Prior to their birth, the pregnant mothers of
these young trisomy mice were treated with two neuroprotective proteins. Following their birth,
these young trisomy mice
were found to do as well with several types of learning as young mice
without
trisomy.
I
wrote to the authors of this study at the National
Institutes of Health to inquire about their plans for possible
early-phase
human clinical trials with these two proteins.

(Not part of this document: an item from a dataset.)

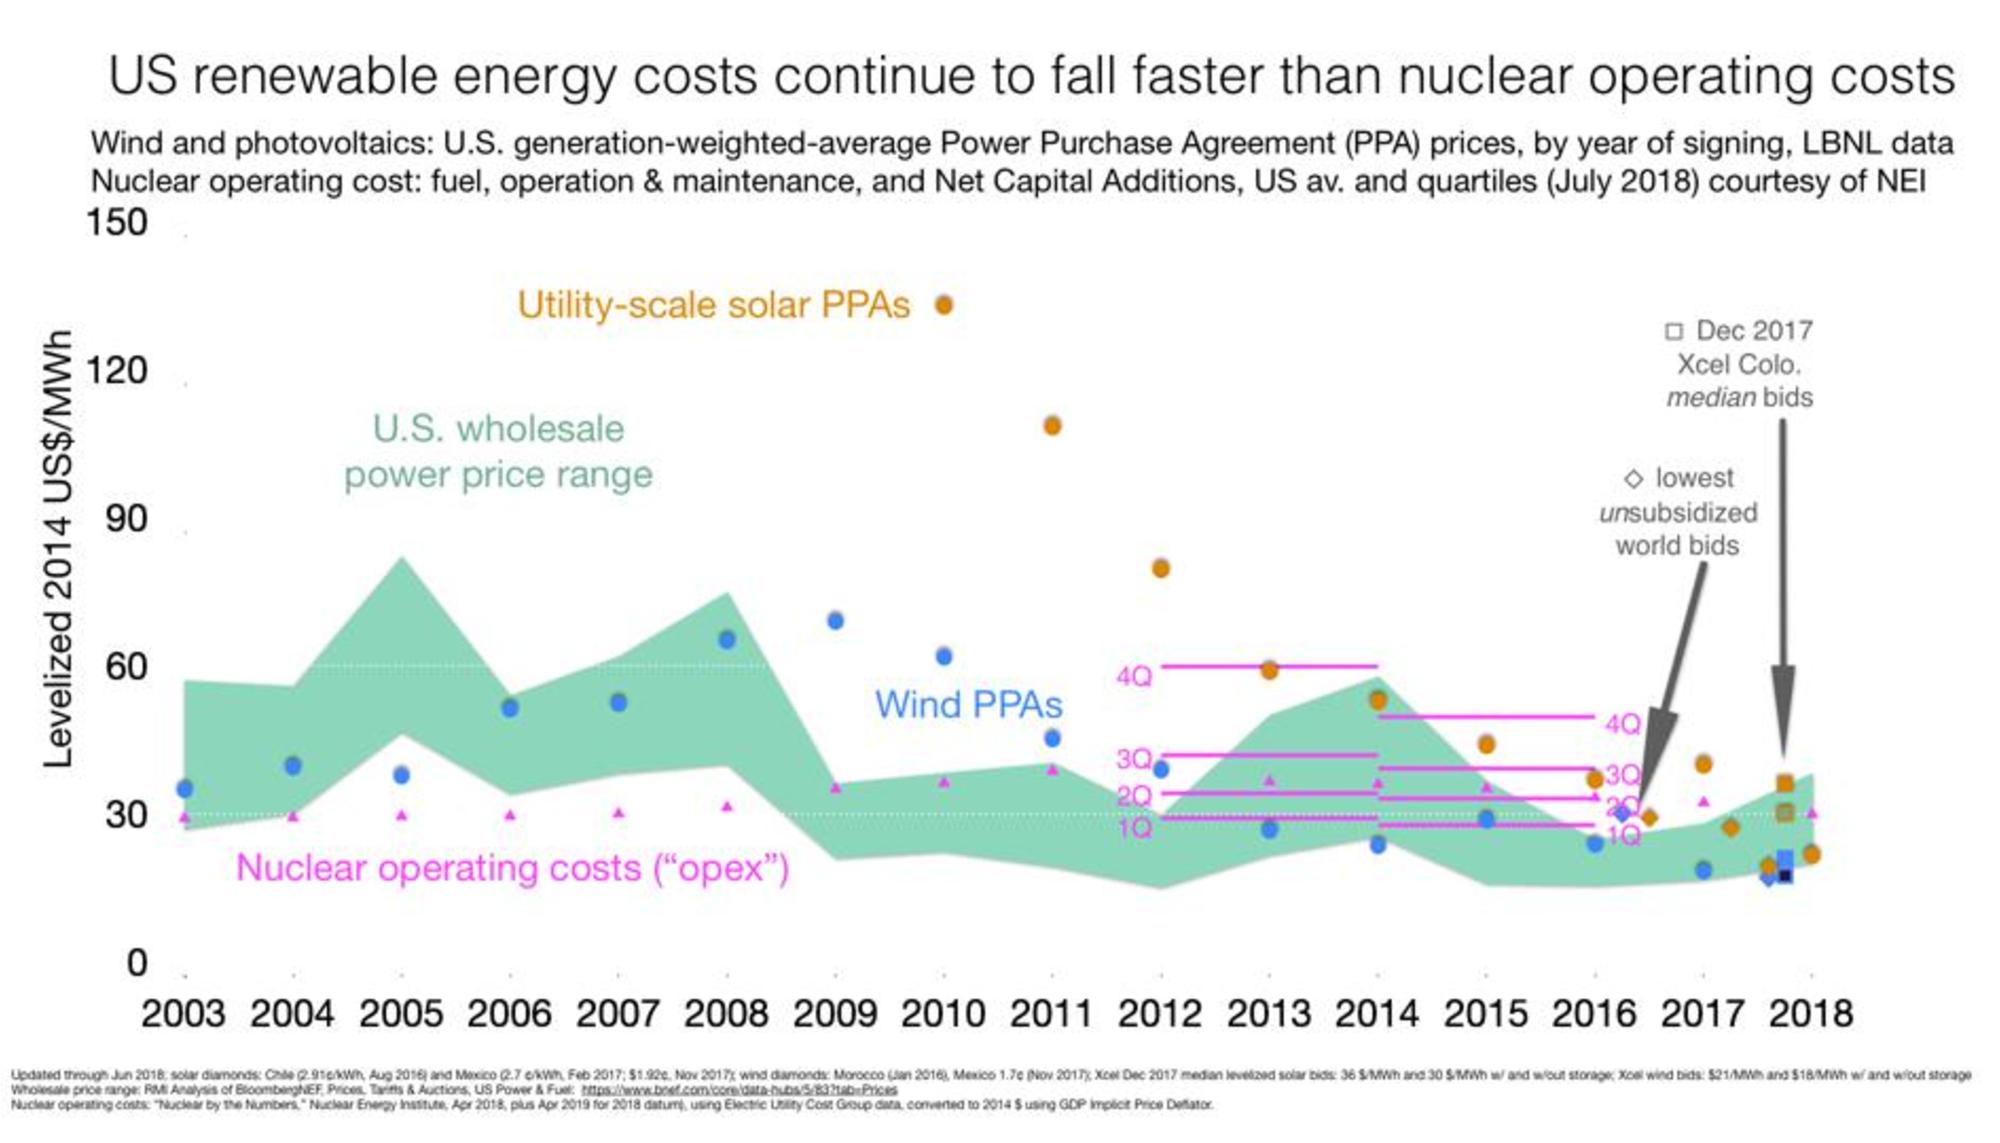 Costes de renovables comparados con la nuclear en EEUU. Fuente: Beyond Nuclear International
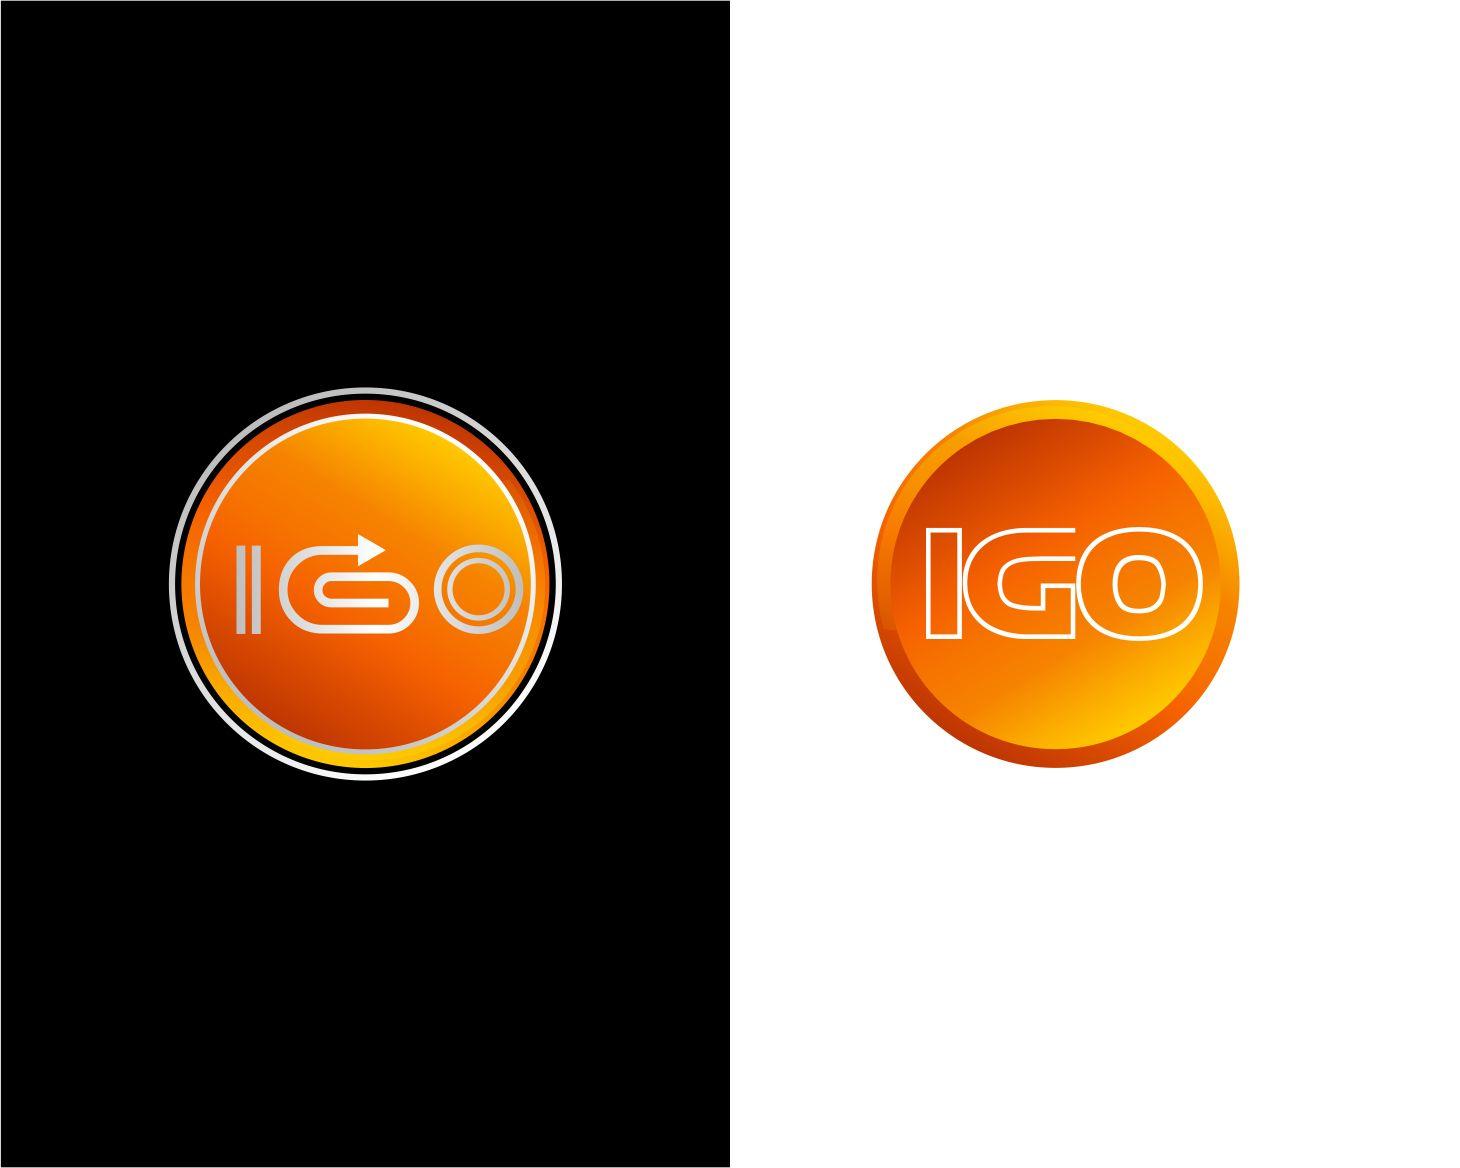 Igo Logo - Logo Design Contest for iGo | Hatchwise

Unfortunately, I learned that, at the present time, no
human clinical
trials are in the works. I
also
contacted Dr. Steve Whitaker, who is the Chief Medical Officer for
Allon
Therapeutics, the Canadian biotechnology company that has developed
these two
experimental proteins. Dr.
Whitaker very
graciously responded after I mentioned to him that many parents of
children
with trisomy 21 have expressed a tremendous interest in participating
in a
clinical trial using these experimental proteins, after reading last
week’s
column. Unfortunately
for families and
patients with Down’s syndrome, Allon Therapeutics’ research focus, at
this
time, is pretty much limited to Alzheimer's
disease,
and cognitive impairments secondary to stroke
and schizophrenia-related cognitive impairment.
My
recommendation
to parents who would like to see the National Institutes of Health
develop an
early-phase clinical trisomy 21 trial using these peptides is that you
contact
your Congressional Representative or Senator, and ask them to propose
funding
to carry out at least a small preliminary clinical trial with these
neuroprotective proteins. It
is time to
assess the toxicity of these proteins in very carefully controlled
prospective
clinical trials and, if there is no significant toxicity associated
with these
drugs, to then proceed with actual testing of these compounds in humans
within
a placebo-controlled, randomized prospective clinical trial setting.
Disclaimer:
As always, my advice to readers is to seek the advice of your physician
before making any significant changes
in
medications, diet, or level of physical activity.